The relentlessness of writing for publication

This post comes on the eve of AcWriMo – a month long writing event that happens around the world during November every year. In this post I want to address two things I am (and colleagues and friends are) battling with at this time of year: fatigue, and motivation to keep going in the face of the relentlessness of producing writing that can be published or can go into the thesis, and can help us ‘earn our keep’ as doctoral, postdoc or academic scholars.

This relentlessness is often talked about among students, postdocs and academics – producing publishable research on a regular basis is part of playing the game of academia well, and it needs to be played well everywhere. So, this pressure is familiar to all those who aspire to an academic career. But, we don’t always know how to manage the feelings of frustration, fear, fatigue and even rebellion that this relentless hamster-wheel of writing for publication engenders. Many students and academics battle to find support – either professional or personal – and may then opt out or drop out, slowing down to the point where they get stuck, unable to make any meaningful progress. This is a horrible and overwhelming place to be.

But what to do? I am wondering this now. I have been literally forcing myself into my office and to my desk every day, managing about 15 minutes of concentration at a time as I grind out 100 words here and there, half of which I have to edit, delete and rework later. It’s exhausting. And then, when I have managed to finish one paper out of the many that I really need to write, it takes months to get feedback from journals, and further months to make the inevitable revisions, send the paper back, get further feedback and eventually, please god, see the paper in print.

As a young scholar, in career terms, with a slew of ideas but without a slew of actual papers on a conveyor belt of writing, revising, and conceptualising, this hamster-wheel is flattening me more than I would like it to. I have had one paper accepted this year – last week (which, don’t get me wrong, is fabulous), but the other writing I have sent off is languishing in slow journal systems, and one is at a second journal after having been reviewed, revised and then rejected by the first journal. This is all quite difficult, and I feel that this frustrating process is often too invisible to those in our universities who assign us the brownie points, grant funding and recognition. I certainly feel that there is a glibness about doing research and publishing in journals and books that does not quite tally with my experience as an academic researcher and writer.

Perhaps if we can talk, in public spaces, about how difficult it can be to get onto one’s own research and writing conveyor belt as a career-young PhD or postdoctoral scholar, we can create a dialogue with university research offices and bean-counters that enables more acknowledgement of the challenges younger scholars face. This acknowledgement, and a troubling of the often linear-seeming ‘formulas’ that are applied to research and publication funding and support, can then hopefully lead to new, more developmental support opportunities, in the form of research workshops, writing retreats, and/or peer editing partnerships and writing circles, where written work is swapped, shared and worked on with others.

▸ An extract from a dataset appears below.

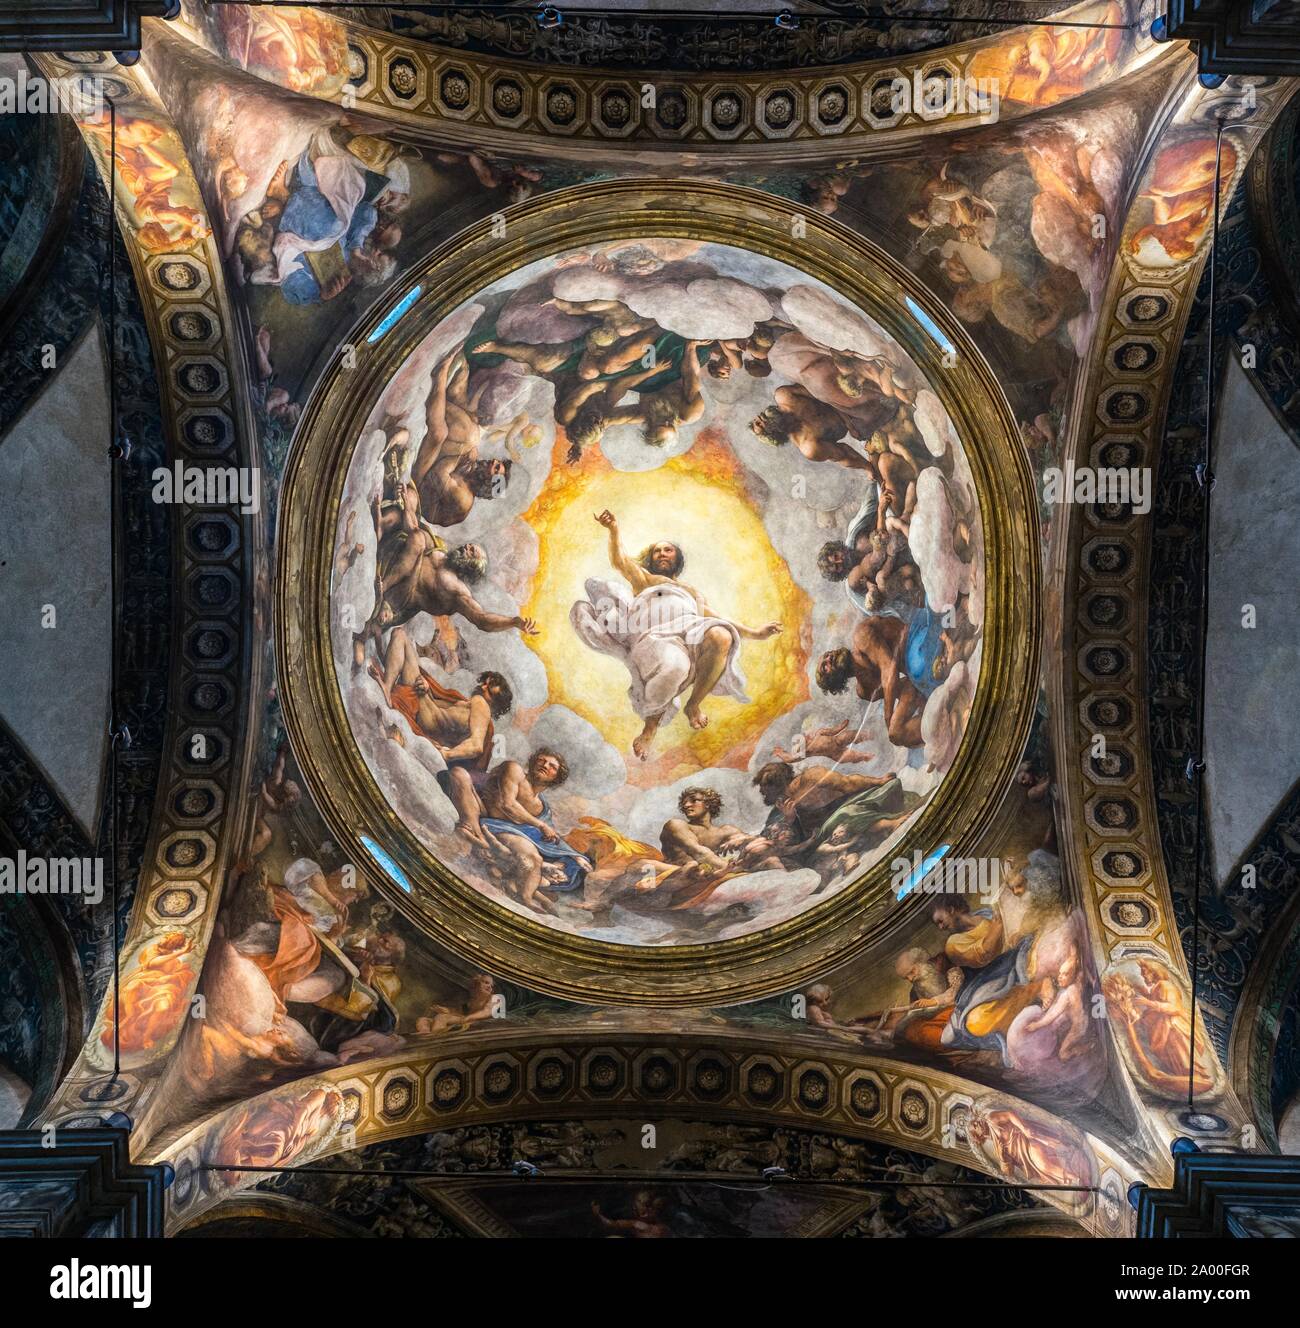 Fresque au plafond, la vision de saint Jean à Patmos, monastère de San Giovanni Evangelista, Parme, Emilie-Romagne, Italie Banque D'Images
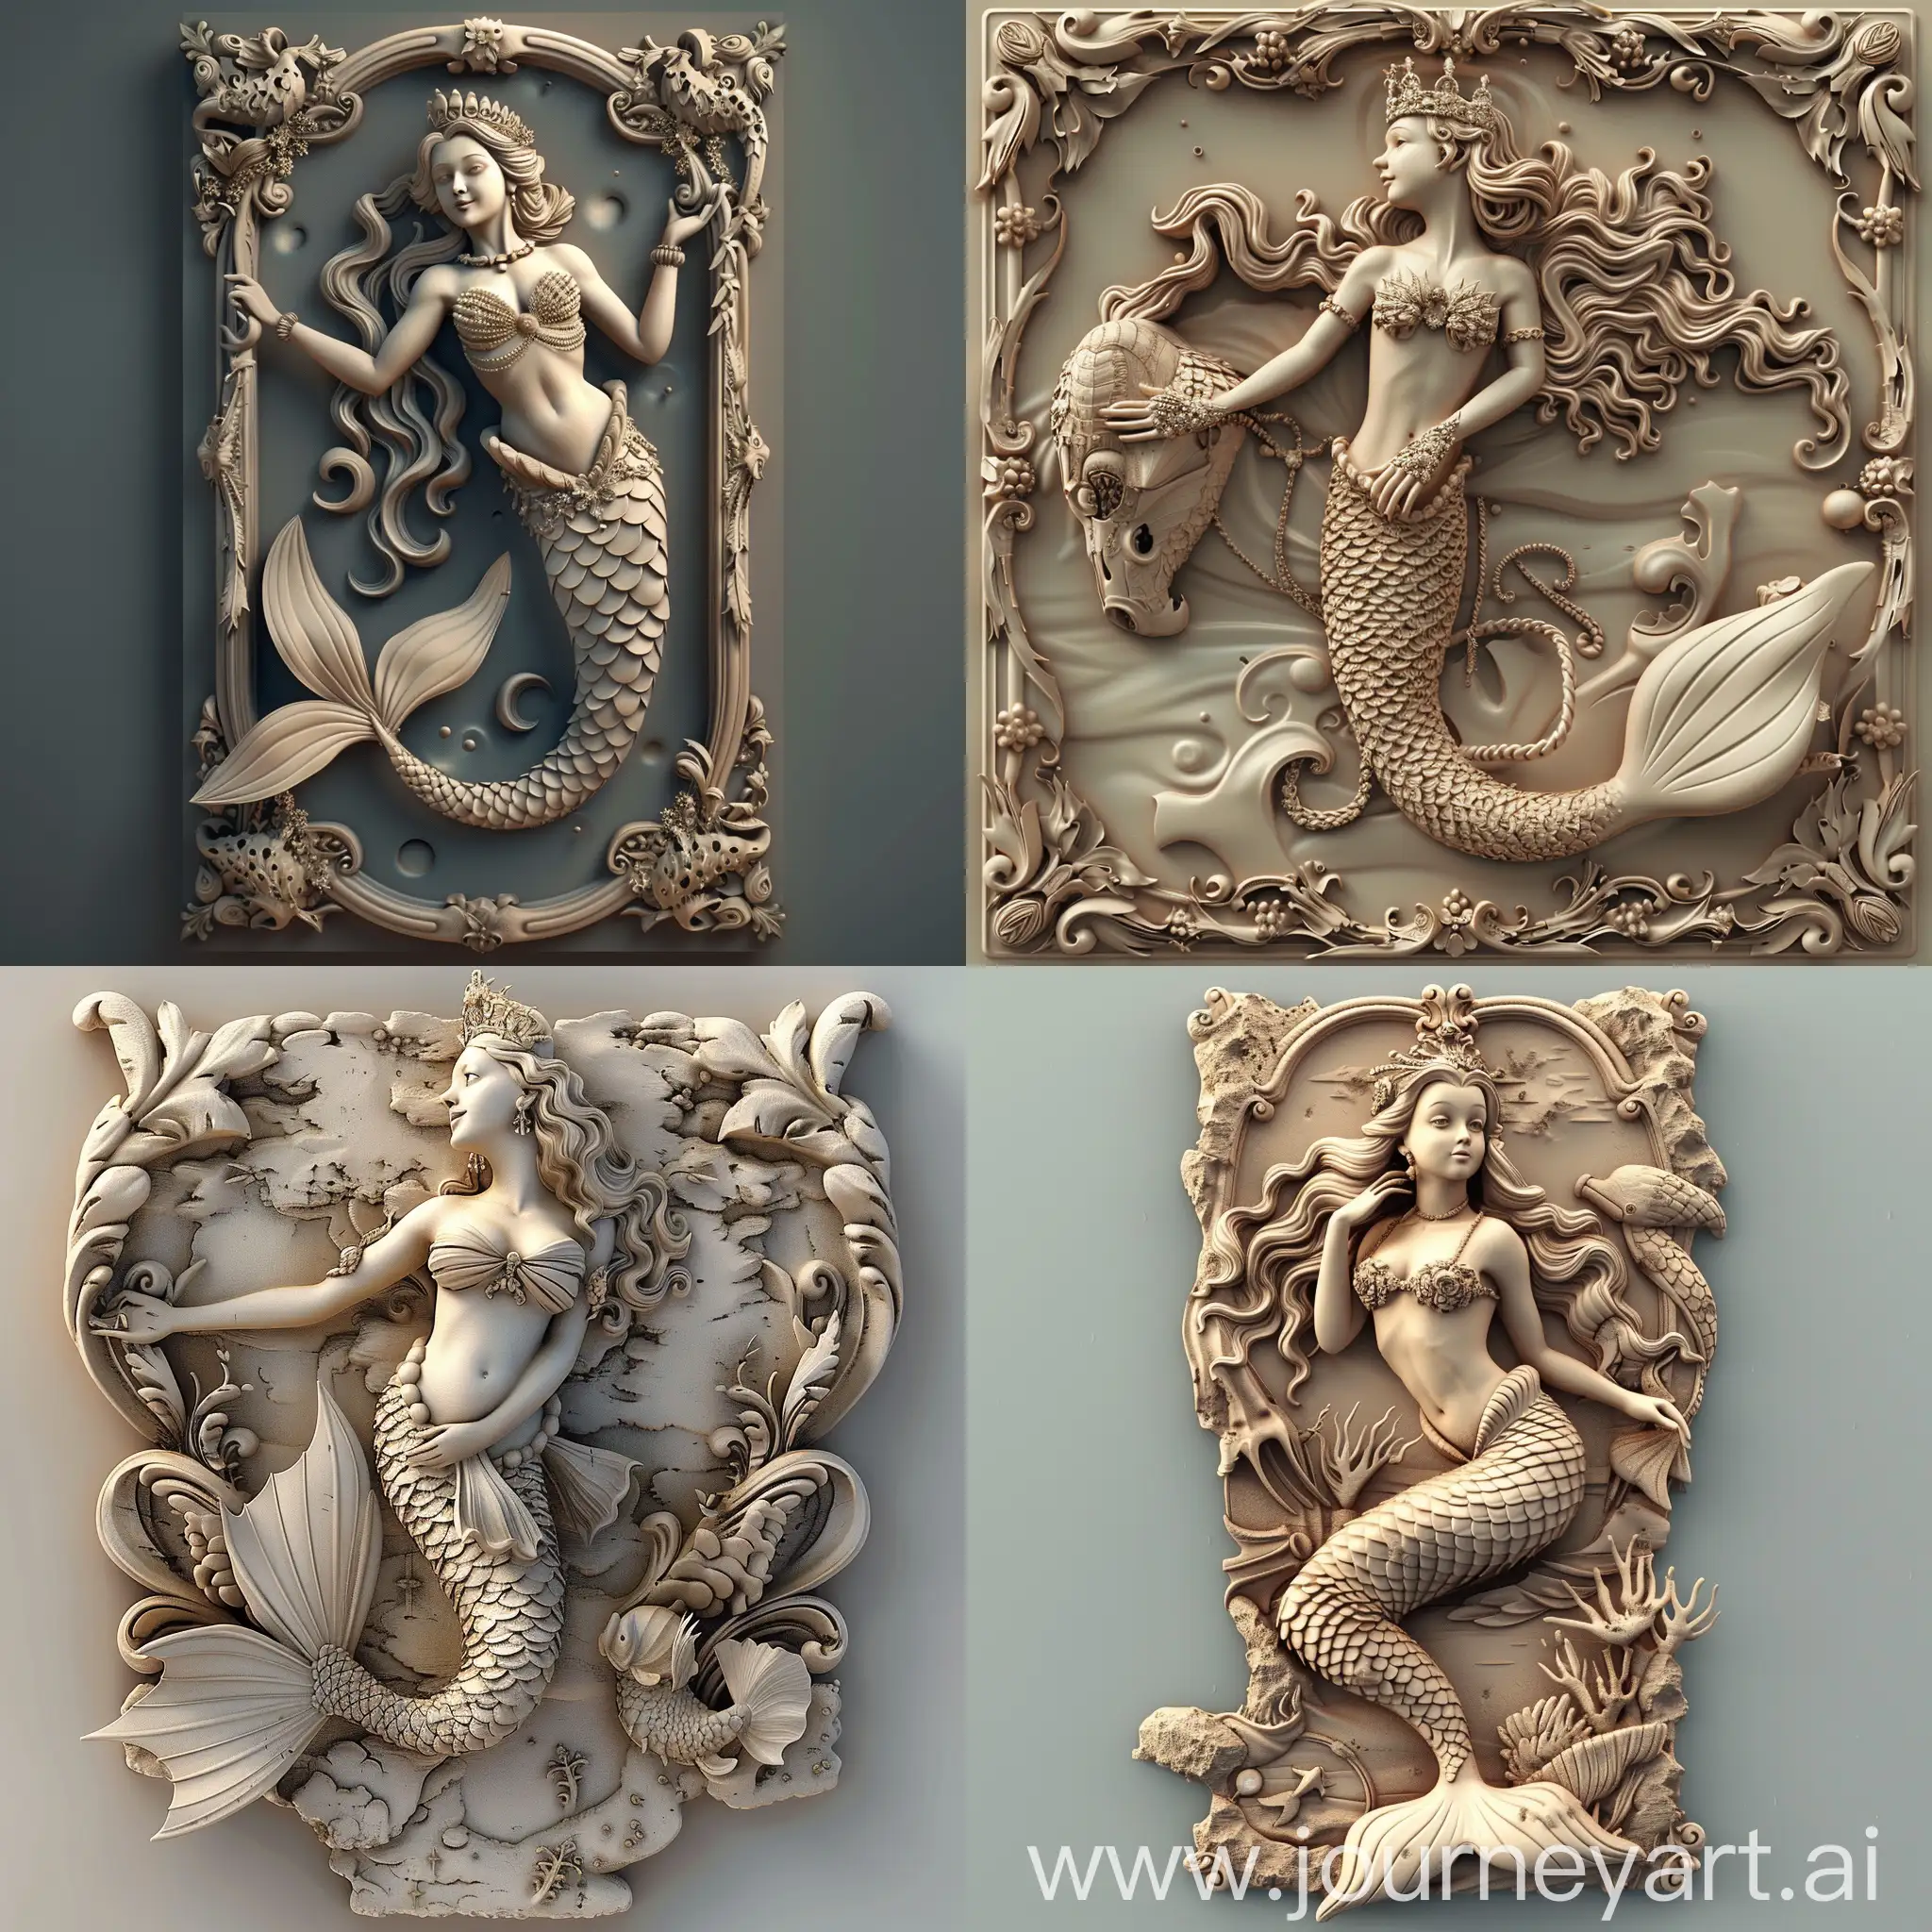 bas relief of a queen mermaid, 3d, high detail, cartoon-like

So much of our research and writing, especially in the social sciences and humanities, is solitary, or done in small writing and research groups. I spend a great deal of time reading, writing and thinking on my own. It is lonely, and the more I am on my own the less brave I feel about seeking out critical feedback and peer review. I really do feel that I need to connect myself more obviously, whether face to face or virtually, with other writers, and I have been trying more consciously to do this over the course of this year especially. I may not always be able to research and write with others, but I can offer to read the work of colleagues and ask them to read mine. Academia.edu, for example, now enables scholars to share drafts of their work with selected followers to enable peer feedback.

AcWriMo is another good opportunity for me to re-engage my tired brain and absent concentration within a supportive and non-judgemental writing community – both face to face and online. I have been invited to join a Facebook page where a diverse and international group of writers can share writing progress and stumbling blocks, and we have a Google spreadsheet where we need to record our writing targets per day or week for the month, so we can hold each other gently accountable. For me, this works well, as I need encouragement, even if I imagine that people around me are egging me on (they may or may not actually be doing so).

Image courtesy of Red Pen/Black Pen - www.jasonya.com
Image courtesy of Red Pen/Black Pen – http://www.jasonya.com

In the end, I know that (at least for now) I have chosen to play the game of academic research, writing and publication. In spite of this whinge, I do actually see great value in sharing my research, and in having other research shared with me. Perhaps the way onto the conveyor belt, to work my way up to having a series of papers in various stages of development, is to be patient and not expect it all to happen NOW, and to keep plugging away – writing as steadily as I can, even if only 100 words a day, and seeking out peer responses and feedback, both from friends and from journals. Perhaps, as with much in life that challenges us to grow and change, the only way through it, is through it.